Personal information
- Full name: Ronald Leendert Brouwer
- Born: 27 April 1979 (age 47) Hellevoetsluis, Netherlands

Sport
- Sport: Field hockey
- Position: Forward

Youth career
- Team
- –: Hercules
- –: Den Dunc
- –: Zutphen
- –: Deventer

Senior career
- Years: Team / Caps / Goals
- 1994–1996: Deventer / - / -
- 1996–1998: Wageningen / - / -
- 1998–2006: HGC / - / -
- 2006–2014: Bloemendaal / - / -
- 2014–2015: Almere / - / -
- 2015–2018: Braxgata / - / -
- 2018–2021: Schaerweijde / - / -

National team
- Years: Team / Caps / Goals
- 2001–2010: Netherlands / 220 / (80)

Medal record
Men's field hockey
Representing the Netherlands
Olympic Games
| Silver medal – second place | 2004 Athens | Team |
World Cup
| Bronze medal – third place | 2002 Kuala Lumpur |  |
| Bronze medal – third place | 2010 New Delhi |  |
EuroHockey Championship
| Gold medal – first place | 2007 Manchester |  |
| Silver medal – second place | 2005 Leipzig |  |
Champions Trophy
| Gold medal – first place | 2002 Cologne |  |
| Gold medal – first place | 2003 Amstelveen |  |
| Gold medal – first place | 2006 Terrassa |  |
| Silver medal – second place | 2004 Lahore |  |
| Silver medal – second place | 2005 Chennai |  |
| Bronze medal – third place | 2007 Kuala Lumpur |  |

= Ronald Brouwer =

Dutch field hockey player

Ronald Leendert Brouwer (born 24 April 1979) is a Dutch former field hockey player who played as a forward.

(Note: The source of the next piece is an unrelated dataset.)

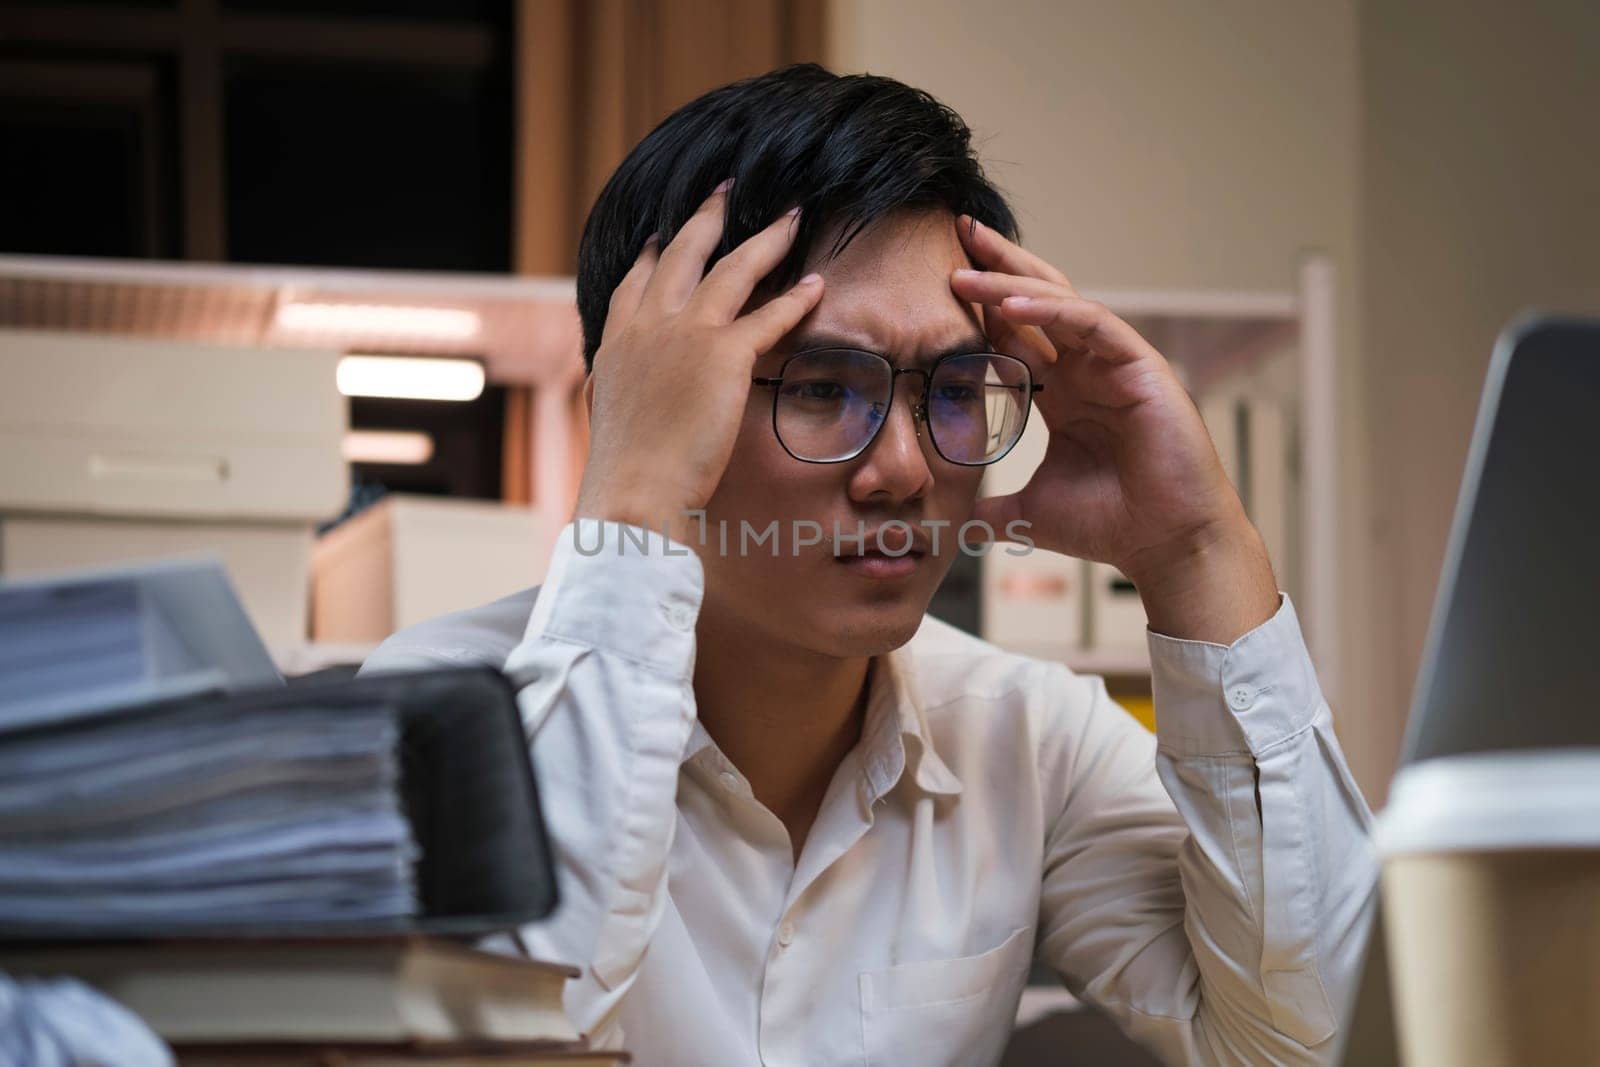 Asian young tired staff businessman using desktop computer having overwork project overnight in office.

He won the silver medal with the Dutch national team at the 2004 Summer Olympics in Athens. He is the cousin of Matthijs Brouwer. He played a total of 220 games for the Dutch national team in which he scored 80 goals.

==Club career==
He played for HGC and HC Bloemendaal in the Dutch highest division. Bloemendaal was his last club in the Dutch highest league where he played until 2014. After that he played one year for Dutch second division club Almere before he went to Belgium to play three years for Braxgata HC. In 2018 he lengthened his career again by signing for Dutch second division club HC Schaerweijde. He retired from top-level hockey in 2021.